Perhaps your answer isn't as clear as you think it is. See below.
Named tuples support all of that too. One of the reasons I have not glommed onto dataclasses is that for my purposes, they don't seem to add much that named tuples didn't already give us. * Record- or struct-like named fields? Check. * Automatic equality? Check. * Nice repr? Check. * Can add arbitrary methods and override existing methods? Check. Perhaps named tuples offer *too much**: * Instances of tuple; * Equality with other tuples; and maybe dataclasses offer some features I haven't needed yet, but it seems to me that named tuples and dataclasses are two solutions to the same problem: how to create a record with named fields.
Or possibly records/structs.
nope, nope, and nope.
Okay, I really have no idea what you think dataclasses are, if you don't think of them as something like an object-oriented kind of record or struct (a class with named data fields).

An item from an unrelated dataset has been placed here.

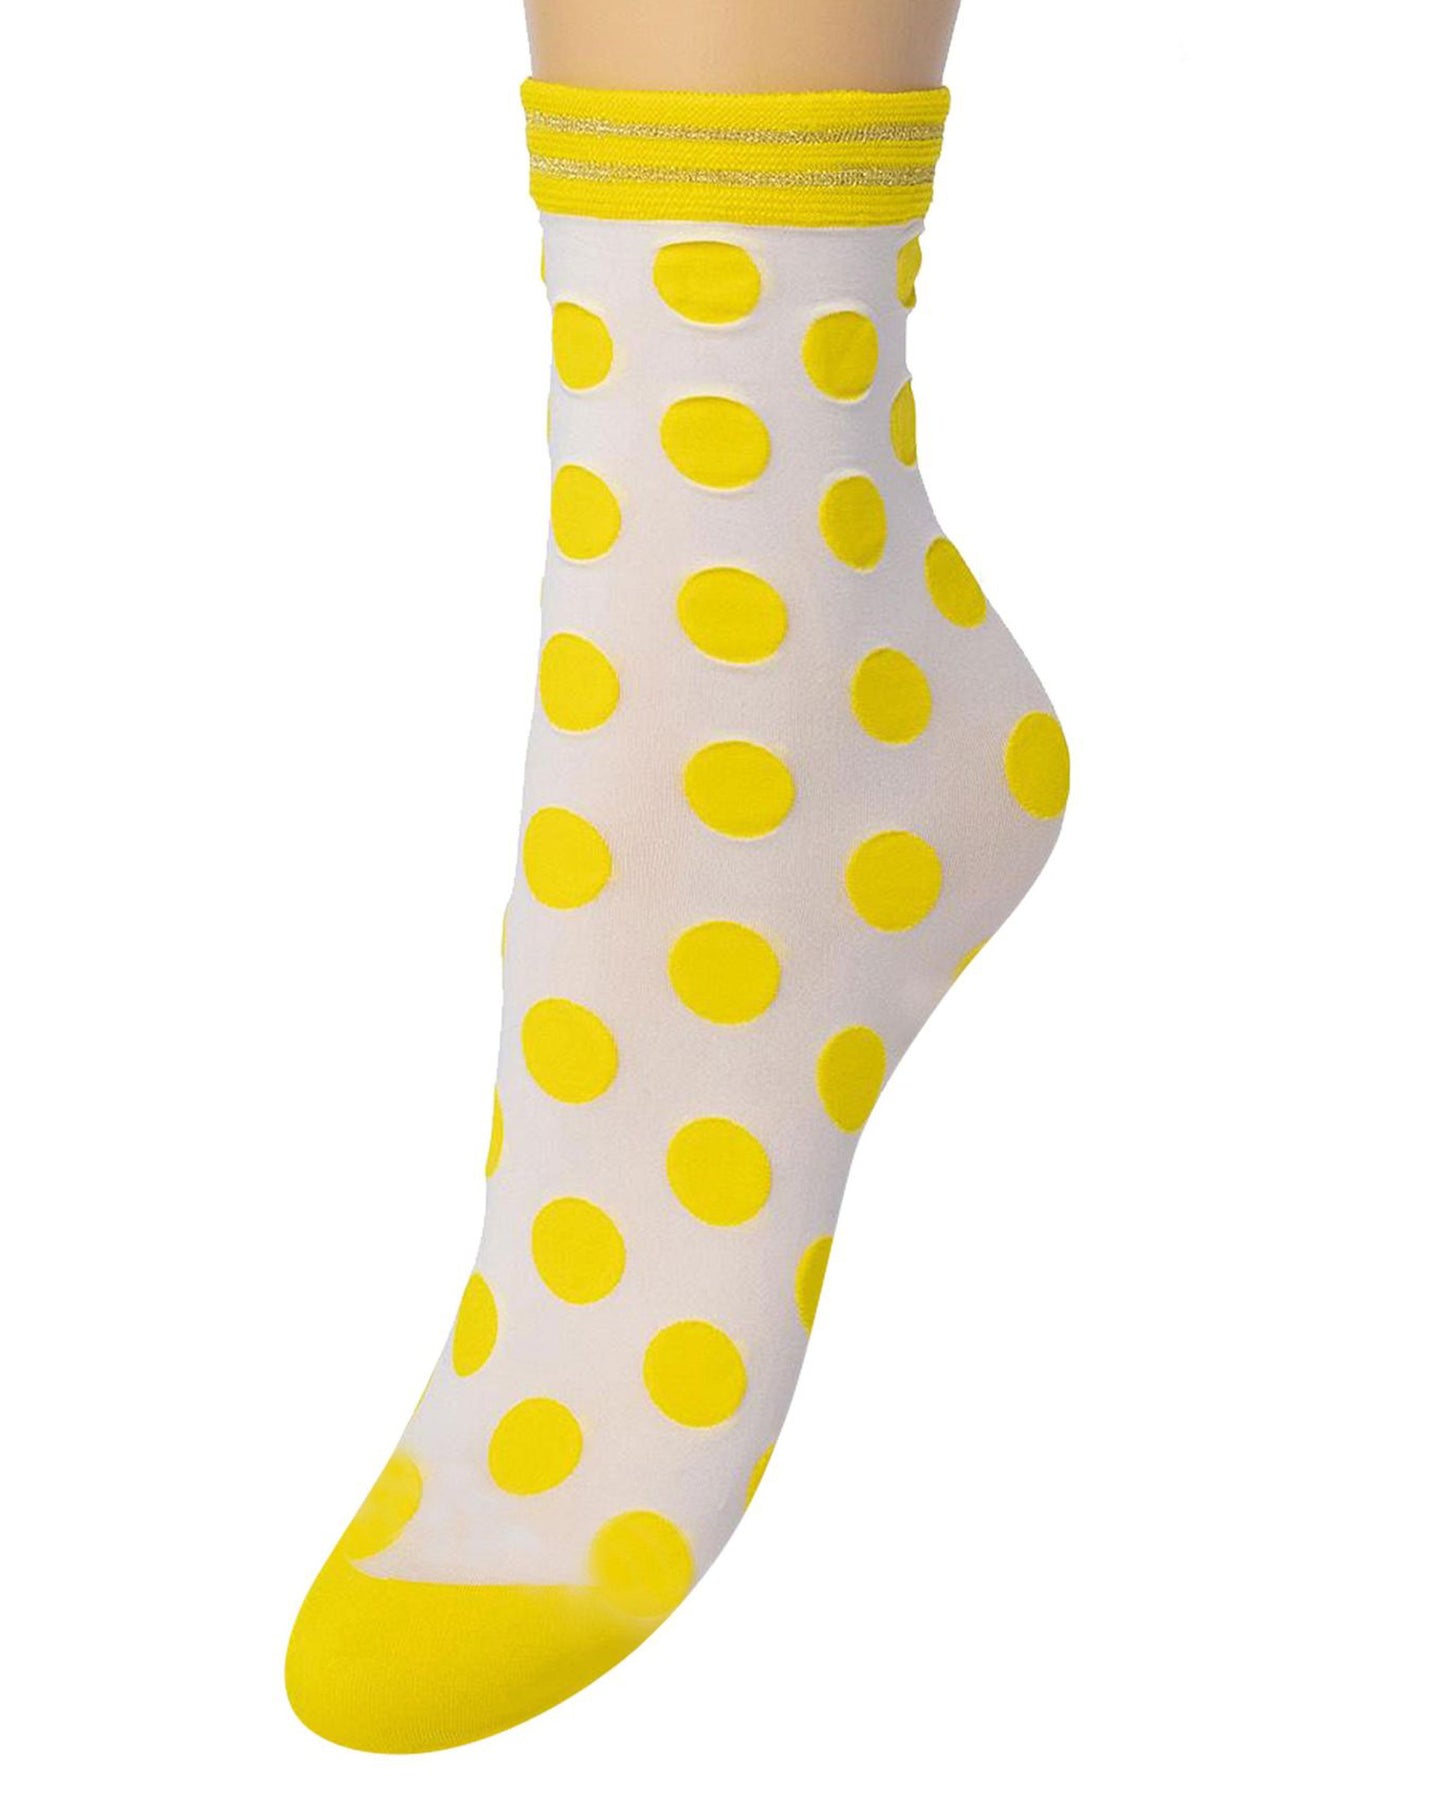 Bonnie Doon Big Dots Socks - White semi-opaque fashion ankle socks with a yellow polka dot pattern, reinforced toe and striped sparkly lurex cuff.

You even define them in terms of storing a defined set of data, except you clearly don't mean a set in the mathematical meaning of an unordered collection (i.e. set()). A set of data is another term for a record. So I don't understand what you think dataclasses are, if you vehemently deny that they are records (not just one nope, but three). And since I don't understand your concept of dataclasses, I don't know how to treat your position in this discussion. Should I treat it as mainstream, or idiosyncratic? Right now, it seems pretty idiosyncratic. Maybe that's because I don't understand you. See below.
But anyway, the rest of my post was the real point, and we're busy arguing semantics here.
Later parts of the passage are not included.